Model interpretable method for detecting interaction characteristics in field of financial wind control

Technical Field

The invention relates to the field of interpretable graph neural network technology and models, in particular to an interpretable model method for detecting interactive features in the field of financial wind control.

Background

In recent years, a new generation of artificial intelligence technology using Machine Learning (Machine Learning), especially deep Learning (deep Learning), as a landmark is continuously developing towards more advanced, complex and autonomous directions, and a new revolution opportunity is brought to the development of economy and society. The application of AI leads to 'big outbreak of species', increasingly permeates all walks of life and human life in every aspect, and is expected to form new economic and social forms. Meanwhile, scientific and technical ethics are increasingly becoming the 'indispensable option' in the current AI technology development and industrial application, and various circles explore the ethical principles, frameworks and treatment mechanisms of the AI.

One of the core issues of scientific ethics is AI Transparency and interpretability (Transparency and explanability). In 11 months 2021, the United Nations' textbook Organization (United Nations reduced, Scientific and clinical Organization, UNESCO) proposed ten-large AI principles including "transparency and interpretability", i.e., the working mode of the algorithm and the algorithm training data should have transparency and interpretability, through the first global AI ethical agreement "artificial intelligence ethical Recommendation" (Recommendation on the ethics of intellectual interpretation).

While not all AI systems are "black box" algorithms "and are not much more interpretable than non-AI techniques, traditional software or human programs, currently machine learning models, especially deep learning models, tend to be opaque and difficult for humans to understand. Continued advances in AI are expected to bring autonomous systems of perception, learning, decision-making, and action in the future. However, the practical utility of these systems is limited by whether the machine can adequately explain its ideas and actions to human users. The transparency and interpretability of AI systems is critical if users want to understand, trust, and effectively manage new generation artificial intelligence partners. Therefore, in recent years, interpretable AI (XAI) has become an emerging field of AI research, and methods and tools for understanding AI system behaviors are being explored by both academic circles and industrial circles, and in particular, interpretability is particularly critical in the financial and medical fields.

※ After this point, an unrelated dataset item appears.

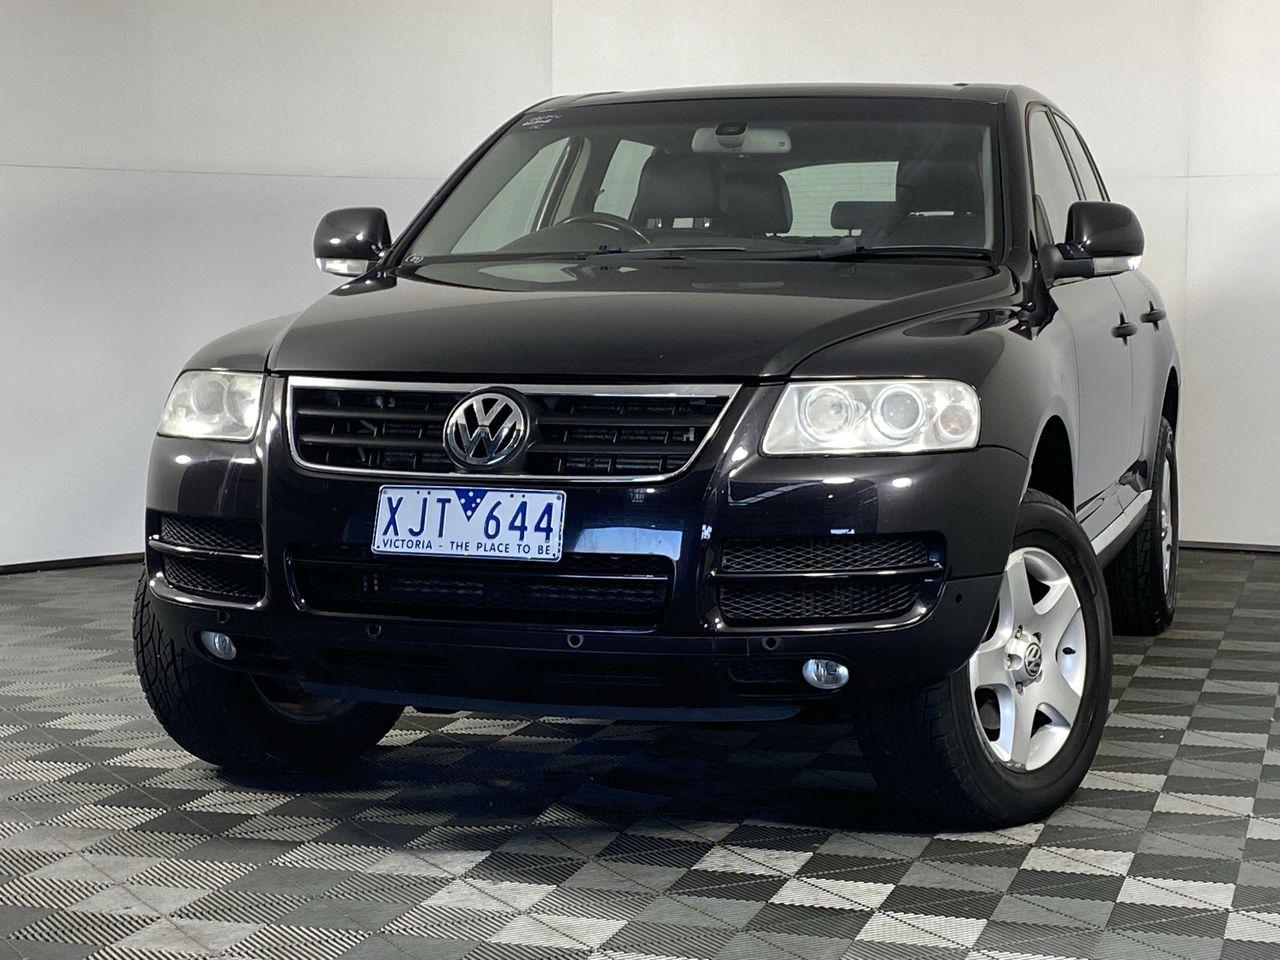 2005 Volkswagen Touareg R5 TDI 7L Turbo Diesel Automatic Wagon WOVR+Insp

The rapid development of financial technology in the internet enables people to conveniently acquire financial services provided by banks, including funds, money deposit, account transfer and the like. When the loan transaction is involved, the customer can also obtain a certain loan with a lower threshold. Therefore, financial services are convenient, and the generated fraud means is rapidly upgraded and iterated, so that the intellectualization, virtualization and concealment of fraud are improved. From the earliest offline financial fraud mainly to purposeful and organized group financial fraud, the bank needs to continuously update the wind control system in an iterative manner so as to reduce bad account loss.

In order to reduce the bad account loss to the greatest extent, a model with higher precision needs to be introduced, however, the model with higher precision means higher model complexity and poorer interpretability, namely, the more difficult it is to give reasonable explanation when determining a bad customer, in other words, business personnel cannot understand why the model rejects a customer, which is a more unacceptable problem for banks. In view of the above situation, the financial application evaluation standard of artificial intelligence algorithm published by the people's bank in 2021, 3 months, has a definite provision for the interpretability evaluation part. The specified characteristics are required to satisfy the following interpretable requirements:

1. the feature definition should satisfy the relevant business logic and rules.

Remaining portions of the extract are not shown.